Although it may seem that way, I think the idea is somewhat flawed. What compressors do is reduce entropy. If they work well, that is.
Dictionary-based compressors replace parts of the input with things they have stored in their dictionary, if that takes fewer bits, according to a scheme that the programmer has decided. Maybe the programmer is intelligent, but the program doesn't do anything special.
Statistical compressors, on the other hand, determine the likelihood of the next symbol that comes in by what they have seen before. You could much more easily associate this with "intelligence" even if they still only follow a very rigid pattern that the human programmer has devised.
But if you think about it, this is a behavior which is very much akin to a gambler playing roulette, who, upon having seen 17 three times, puts his money on 17. After all, 17 seems to be the lucky number. Would you deem this intelligent? Secret tip: A horse with a name like "Lightning" cannot lose.
Maybe PPMD uses a somewhat more sophisticated algorithm, but in the end it is the exact same thing. Looking into the crystal ball.

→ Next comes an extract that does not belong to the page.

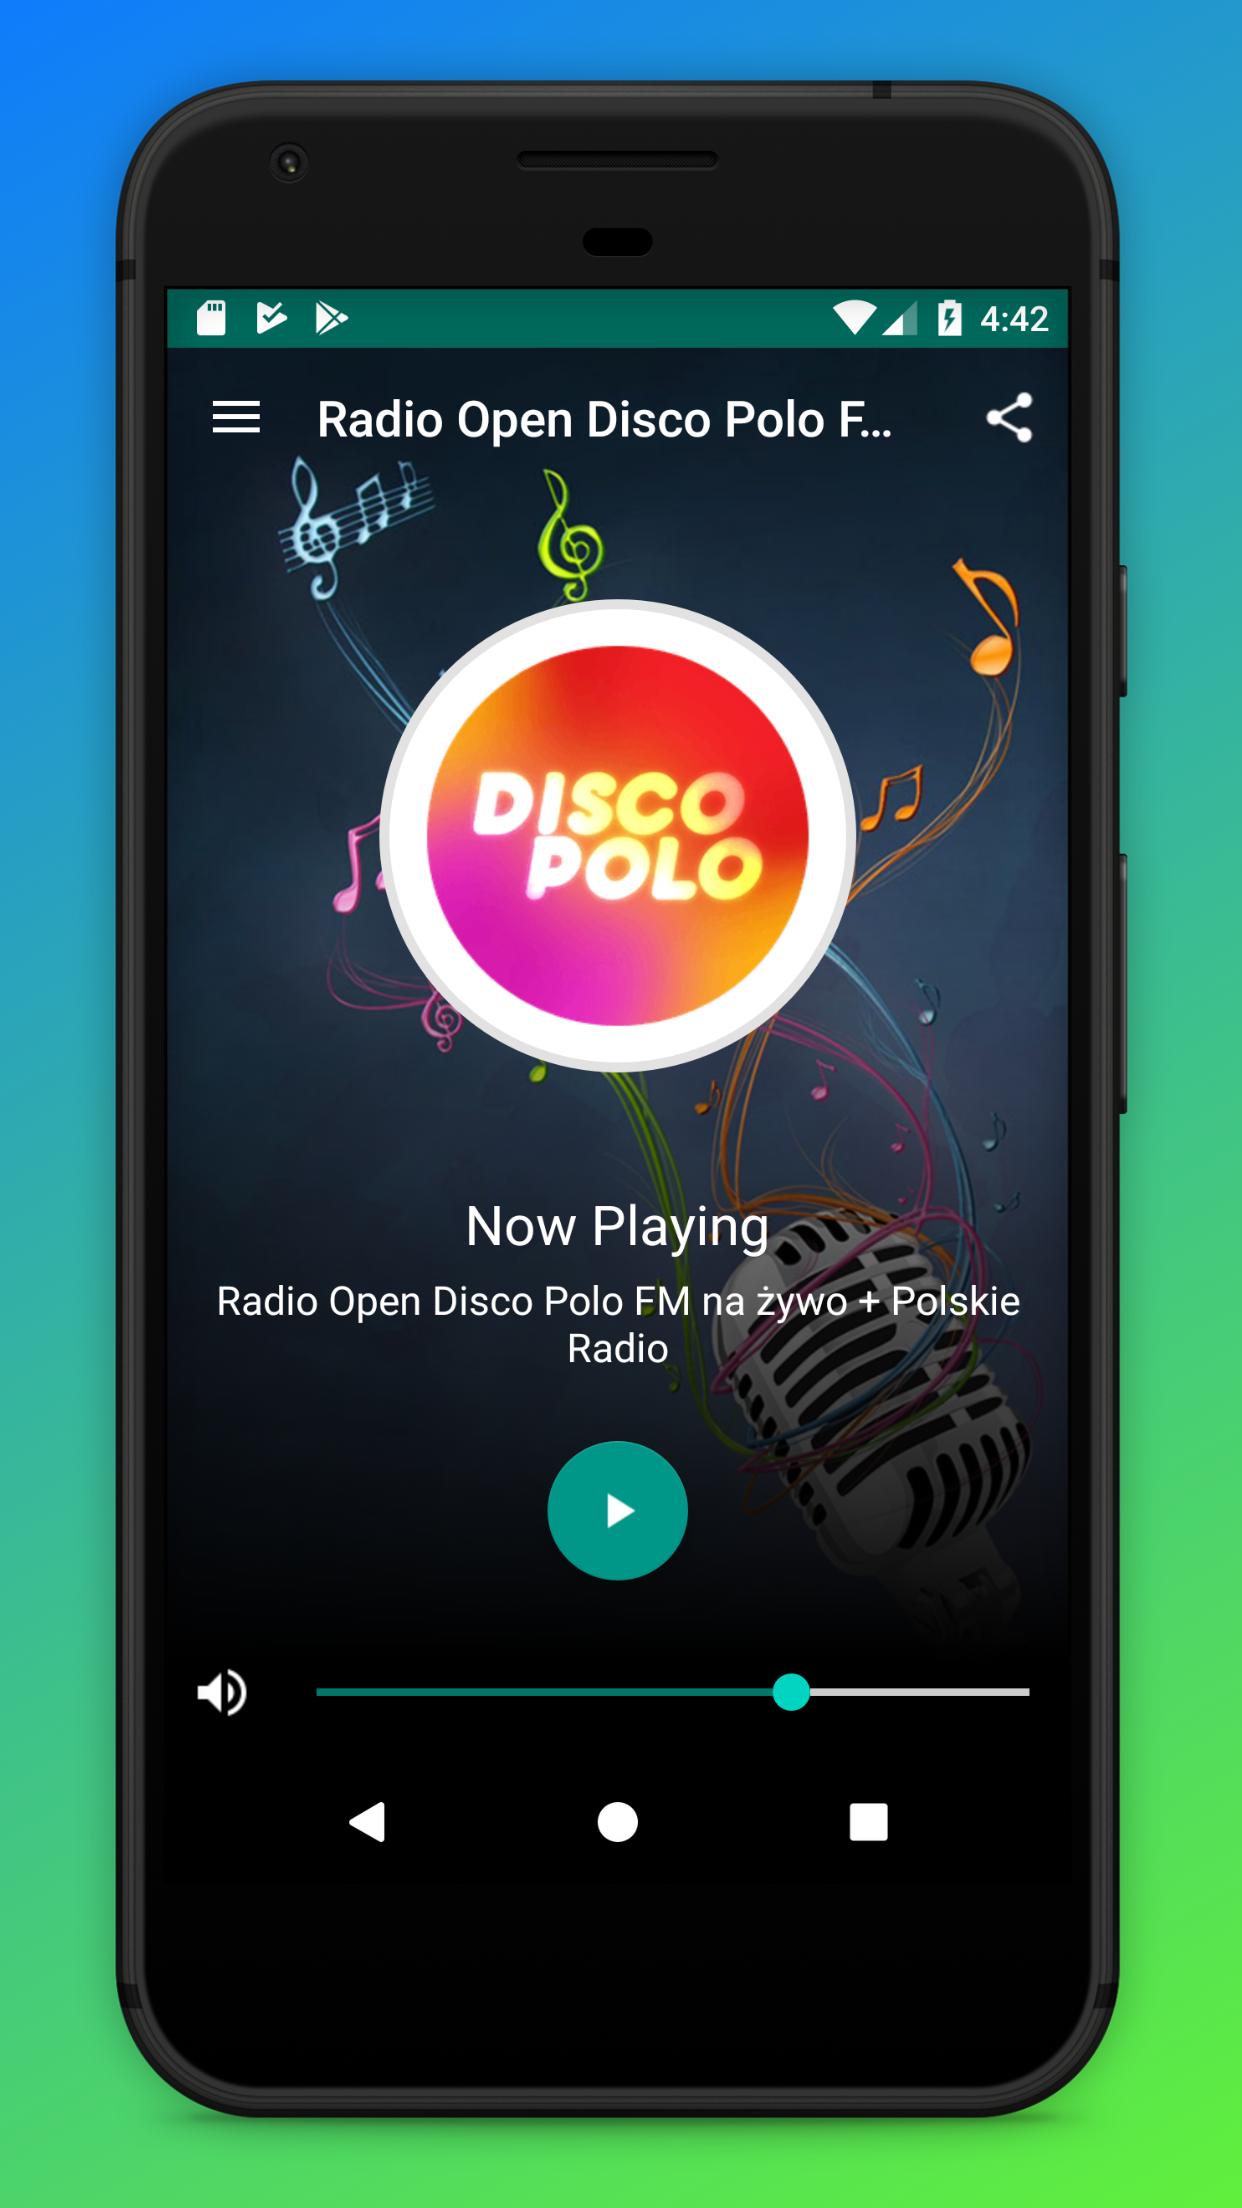 Radio Open Disco Polo FM na żywo + Polskie Radio for Android - APK Download

The only difference (and the difference that decides on the outcome!) to compressing enwik8 is that the input is different. Characters in enwik8 are not random, but are highly correlated, and there is a huge amount of entropy in that text. This is why compressors are more successful than our roulette gambler. Still, they do more or less the same thing. They use some statistical model and if they are lucky, this allows them to correctly predict the coming symbols.
What would be more impressive would be compression in a sense such as you show an image to a computer and it outputs "fat guy in funny clothes making a sad face, bent over a dead girl, that's Pavarotti as Rigoletto". That is much more like the way a human would "compress" that photo.